2-{[(Pyridin-2-yl)amino]­meth­yl}phenol

Abstract

The planes of the aromatic rings of the title compound, C₁₂H₁₂N₂O, are twisted by 50.33 (15)°. The phenol O atom is a hydrogen-bond donor to the pyridine N atom, resulting in the formation of an eight-membered ring in the mol­ecule. The amino N atom is a hydrogen-bond donor to the phenol O atom of an adjacent mol­ecule; this hydrogen bond leads to the formation of a helical chain that runs along the a axis.

Related literature  

For the related compound 2-{[(pyrazin-2-yl)amino]­meth­yl}­phenol, see: Gao & Ng (2012 ▶). For 2-[(pyridin-3-yl­amino)­meth­yl]phenol, see: Xu et al. (2011 ▶).

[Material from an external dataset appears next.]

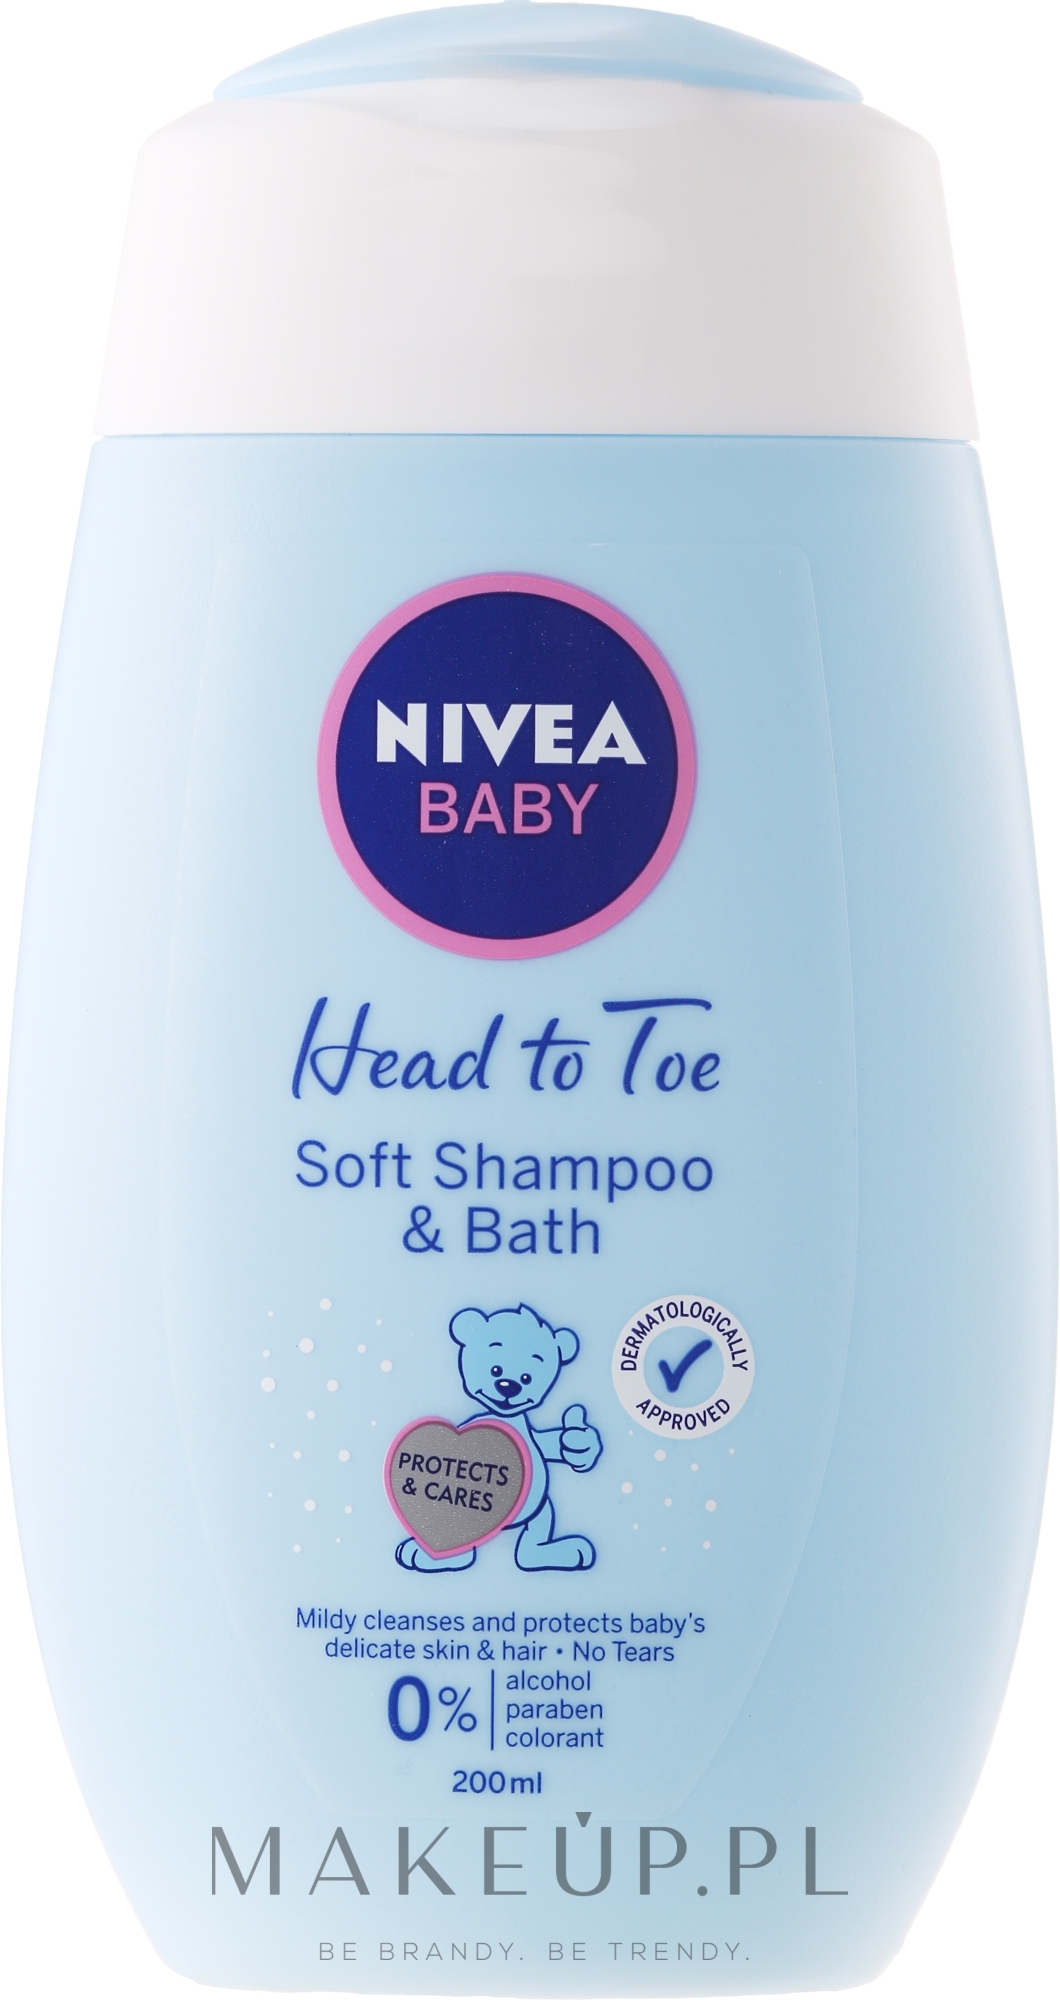 nivea baby lagodny szampon 2w1 blogspot

For the metal adducts of 2-[(pyridin-2-yl­amino)­meth­yl]phenol, see: Yalçın et al. (2007 ▶).

Experimental  

Crystal data  

• C₁₂H₁₂N₂O

• M _r = 200.24

• Orthorhombic,

• a = 6.3331 (4) Å

• b = 10.6761 (9) Å

• c = 15.3714 (10) Å

• V = 1039.30 (13) ų

• Z = 4

• Mo Kα radiation

• μ = 0.08 mm⁻¹

• T = 295 K

• 0.25 × 0.19 × 0.15 mm

Data collection  

• Rigaku R-AXIS RAPID IP diffractometer

• Absorption correction: multi-scan (ABSCOR; Higashi, 1995 ▶) T _min = 0.979, T _max = 0.988

• 10221 measured reflections

• 1391 independent reflections

• 887 reflections with I > 2σ(I)

• R _int = 0.047

Refinement  

• R[F ² > 2σ(F ²)] = 0.043

• wR(F ²) = 0.131

• S = 1.04

• 1391 reflections

• 144 parameters

• 2 restraints

• H atoms treated by a mixture of independent and constrained refinement

• Δρ_max = 0.13 e Å⁻³

• Δρ_min = −0.18 e Å⁻³

Data collection: RAPID-AUTO (Rigaku, 1998 ▶); cell refinement: RAPID-AUTO; data reduction: CrystalClear (Rigaku/MSC, 2002 ▶); program(s) used to solve structure: SHELXS97 (Sheldrick, 2008 ▶); program(s) used to refine structure: SHELXL97 (Sheldrick, 2008 ▶); molecular graphics: X-SEED (Barbour, 2001 ▶); software used to prepare material for publication: publCIF (Westrip, 2010 ▶).

Supplementary Material

Supplementary material file. DOI: 10.1107/S1600536812031340/xu5581Isup3.cml

Additional supplementary materials: crystallographic information; 3D view; checkCIF report

Table 1. Hydrogen-bond geometry (Å, °).

D—H⋯A	D—H	H⋯A	D⋯A	D—H⋯A
O1—H1⋯N1	0.85 (1)	1.83 (2)	2.658 (3)	166 (5)
N2—H2⋯O1i	0.88 (1)	2.06 (1)	2.928 (3)	172 (3)

Symmetry code: (i) .

supplementary crystallographic information

Comment

Salicylaldehyde condenses with aromatic amines to yield Schiff bases, which serve as chelating ligands to a plethora of metal systems. These Schiff bases can be readily reduce to the corresponding secondary amines, which can also function as chelating ligands. Curiously, there are only few 2-(arylamino)methylphenols compared with the plethora of Schiff bases in the chemical literature. Among the aminopyridine derivatives, only the crystal structure of 2-((pyridin-3-ylamino)methyl)phenol has been reported (Xu et al., 2011). The 2-((pyridin-2-ylamino)methyl)phenol analog (Scheme I) has been described as its metal adducts only (Yalçın et al., 2007).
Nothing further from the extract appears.